Aujourd’hui, j’ai choisi de braquer mon projecteur sur Sabine Hibou, une enfant de Bertry, née en 1850. Fille aînée de Théophile Hibou, tisseur originaire de Reumont, et de la bertrésienne Anne Euphrasie Haimel, Sabine grandit dans un foyer modeste où le fil du coton se mêlait à un trame de misère.
Son enfance fut marquée par la mort. Entre 1852 et 1857, quatre petits êtres éphémères — Zoé, Clémence, Angélique et Théophile — vinrent au monde, pour repartir presque aussitôt, laissant autour de Sabine un vide que son jeune cœur ne pouvait certainement pas comprendre.. En 1858, une nouvelle Clémence vit le jour. Pour Sabine, qui avait alors huit ans, ce fut comme un rayon de lumière après tant d’ombres. Elle tenait enfin une petite sœur qui partagerait ses rires, ses jeux et, plus tard, son chemin de vie.

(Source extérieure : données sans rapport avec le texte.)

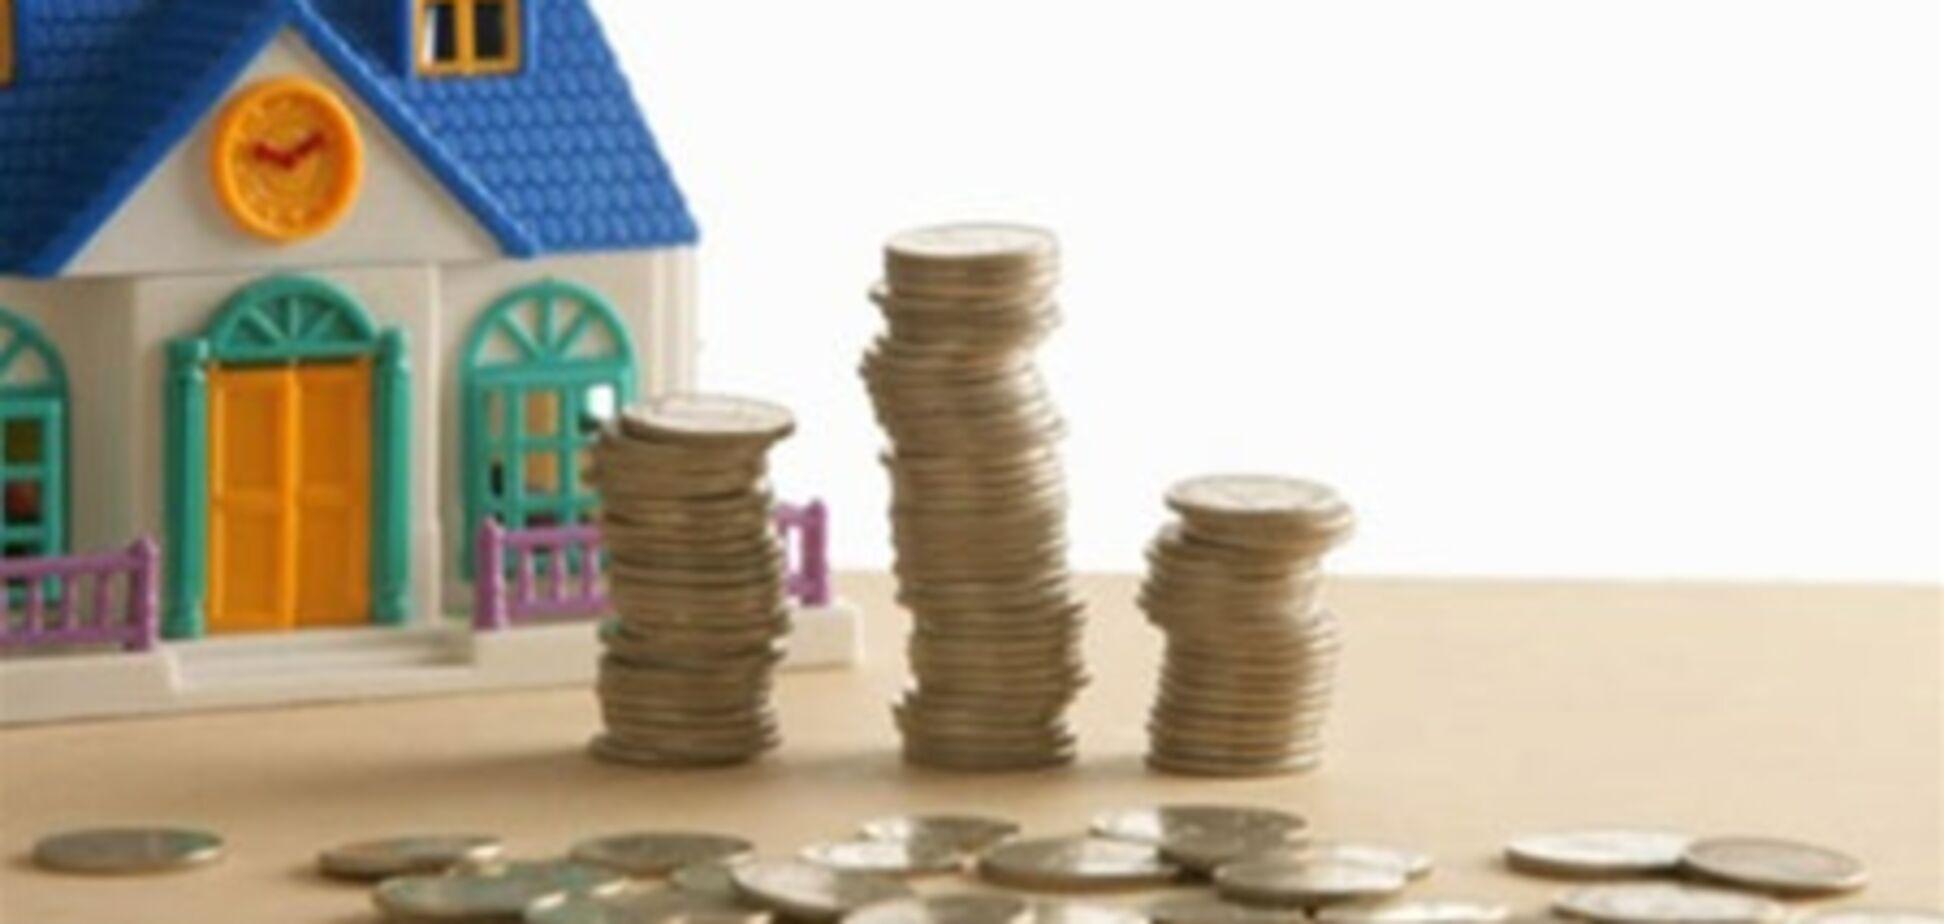 Как выгодно продать дом - советы эксперта

À 21 ans, Sabine épouse Henri Lamouret. Quelques années plus tard, la soif d’une vie meilleure pousse Sabine et Henri à quitter leur village natal. Avec Clémence et son époux, les deux couples prennent la route de Paris, comme tant d’autres à cette époque, espérant trouver dans la capitale de nouvelles promesses, peut-être un avenir plus doux.
Aujourd’hui, j’ai retrouvé la trace de son dernier jour : Sabine s’est éteinte le 8 janvier 1914 à Puteaux. Le couple avait au moins deux enfants, Jean-Baptiste et Henri Lamouret, les deux fils qui ont déclaré son décès… mais ceci est une autre histoire. Pour l’heure, je referme seulement le chapitre consacré à la rubrique #GeneaSaint de Sabine.
Plus d’un siècle a passé, cette évocation nous permet de la revoir un instant, fillette bertrésienne au sourire discret, que la vie a menée jusqu’à la Capitale, avant qu’elle ne retrouve doucement sa place dans la mémoire du village.